Prétendre dans une chanson faire l'apologie de la consommation de bière devrait
justifier l'interdiction définitive de cette chanson. Il n'est malheureusement
aucun recours possible contre cette dramatique erreur du créateur. D'autant que
des personnes bien informées feront des gorges chaudes des difficultés de ce
monsieur avec l'alcool. Il convient donc de s'abstenir de cet extrait
délictueux.
Le
couplet suivant est naturellement celui qui est le plus souvent amputé dans les
écoles confessionnelles : ce qui peut se concevoir, mais aussi dans des écoles
publiques, au nom d'une conception absurde de la laïcité. Non seulement nous
comprenons cette démarche qui efface ce qui tombe sous le coup du blasphème,mais
nous serions en droit d'exiger des excuses publiques et un acte de repentance de
la part de ce triste mécréant.
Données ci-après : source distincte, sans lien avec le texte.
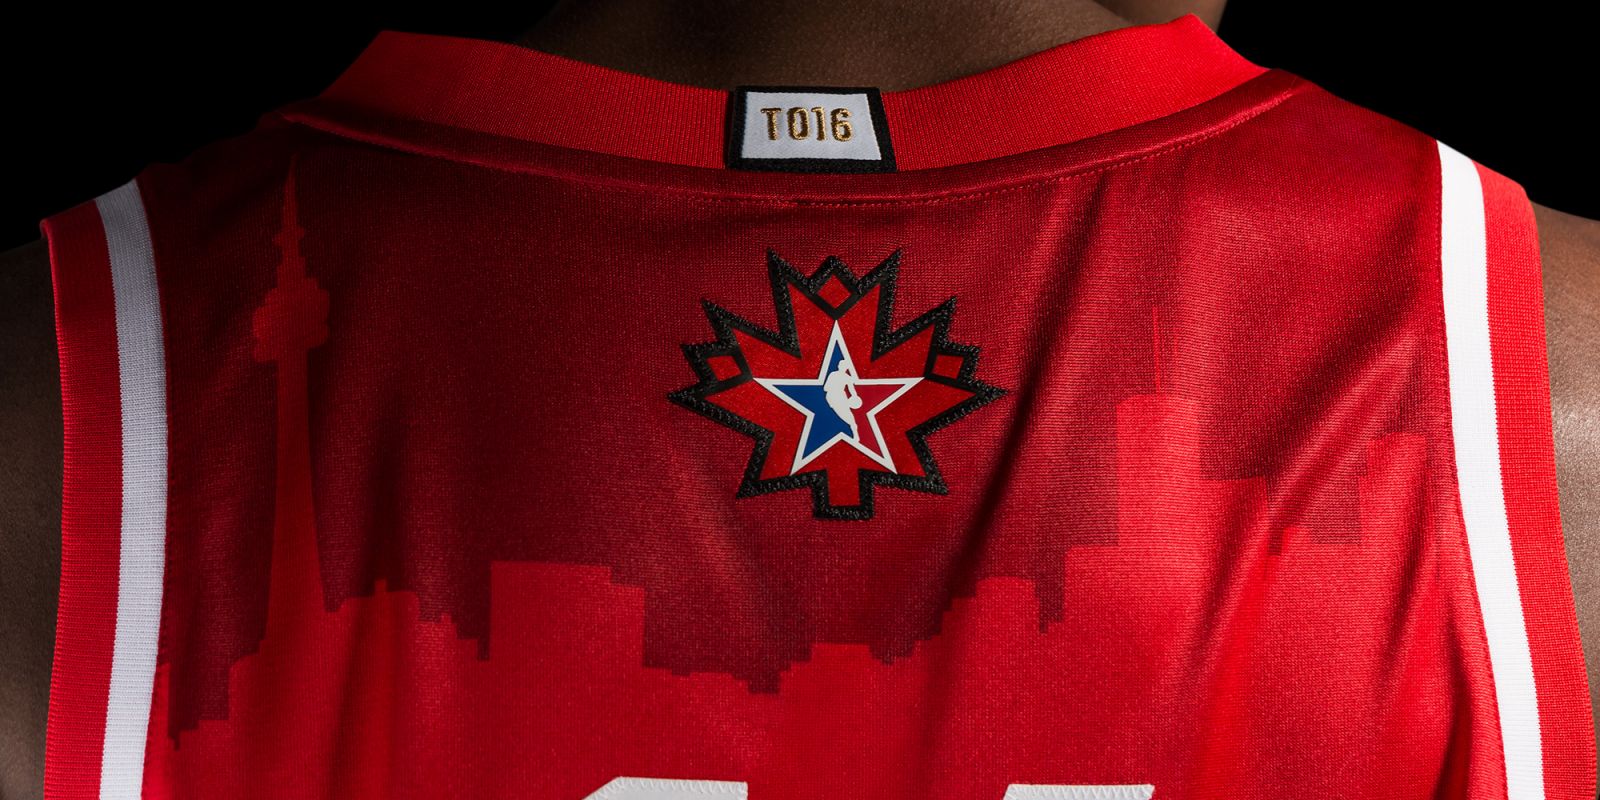 Here Are the 2016 NBA All-Star Jerseys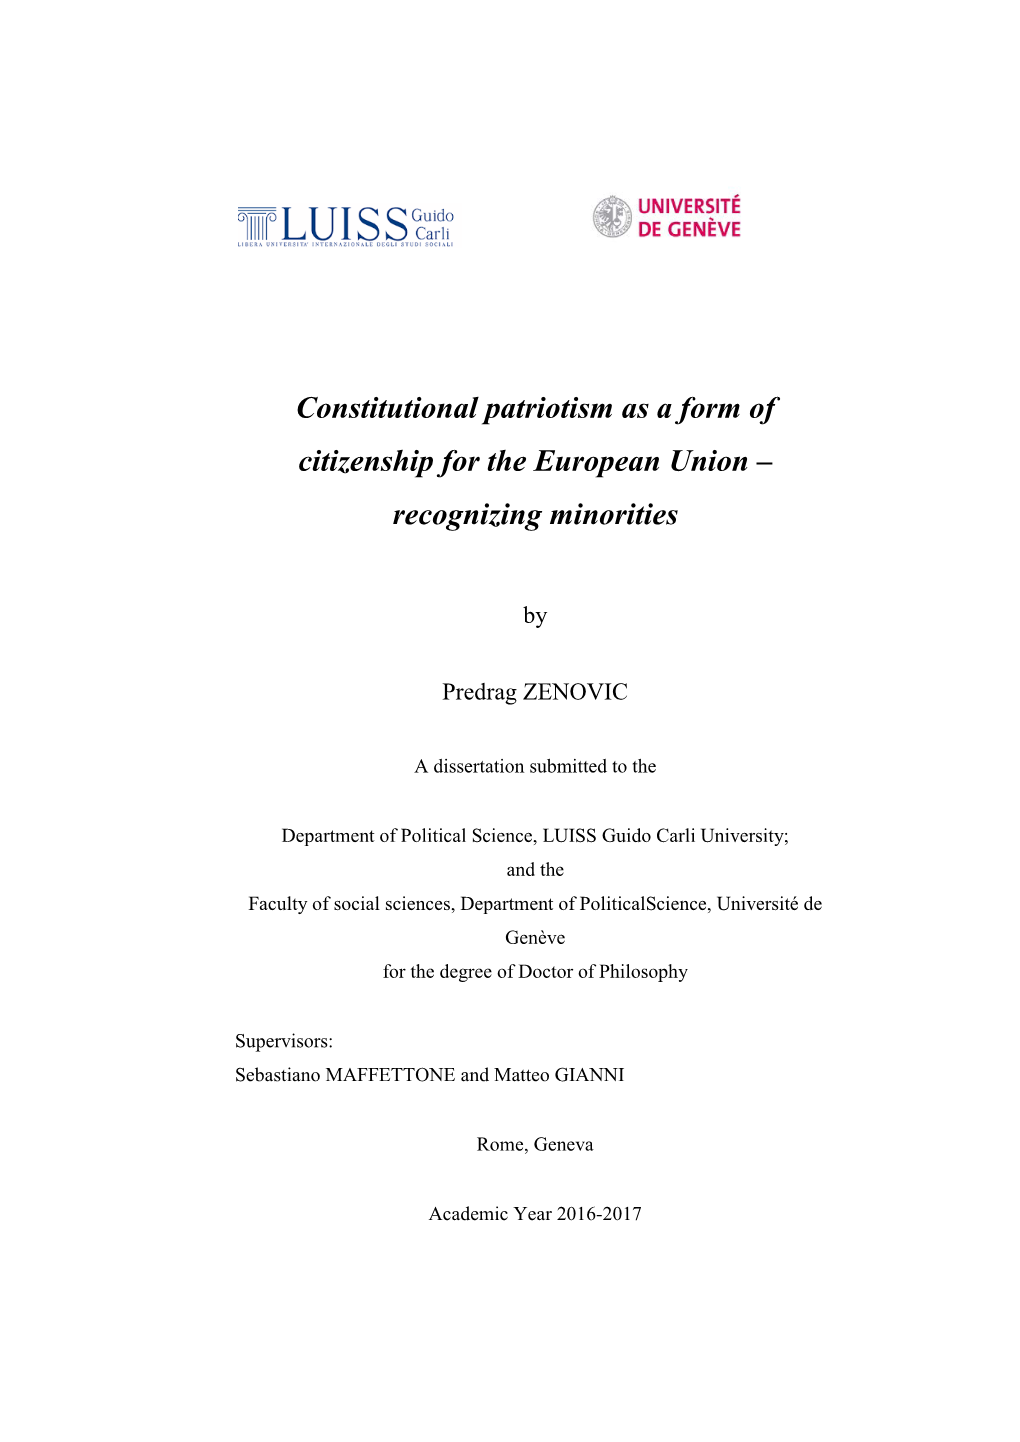 Constitutional Patriotism As a Form of Citizenship for the European Union – Recognizing Minorities

Nous espérons tous que Dieu, dans sa très grande
miséricorde, lui pardonnera ce que nous ne saurions tolérer dans cette vallée de
larmes. Ce passage se trouve lui aussi placé à l'index !
Le
dernier quatrain pourrait ainsi constituer un ensemble acceptable, susceptible
de satisfaire tout un chacun. C'est sans compter sur la requête des diabétiques
qui souhaitent que toute incitation à la consommation de produits sucrés soit
désormais prohibée. Nous sommes ici au cœur d'un véritable problème de santé
publique et nous devons entendre leurs plaintes. C'est sans plaisir mais avec le
sentiment d'œuvrer pour le bien de tous, que nous demandons le retrait de ce
dernier passage.
Il ne vous reste plus qu'à fredonner ce magnifique air qui se passe,
reconnaissez-le, de paroles, toutes sujettes à caution. Ainsi, vous ne choquerez
personne et vous passerez une merveilleuse soirée consensuelle. Ne me remerciez
pas, j'ai agi dans le souci louable d'apporter mon aide à tous les chafouins,
les atrabilaires et les ronchons qui ne manquent pas dans notre bel hexagone,
jadis traîné dans la boue par le sieur Renaud. Voilà une belle et douce
vengeance que chacun appréciera à sa juste valeur.
.../... Renaud
Intolérablement sien.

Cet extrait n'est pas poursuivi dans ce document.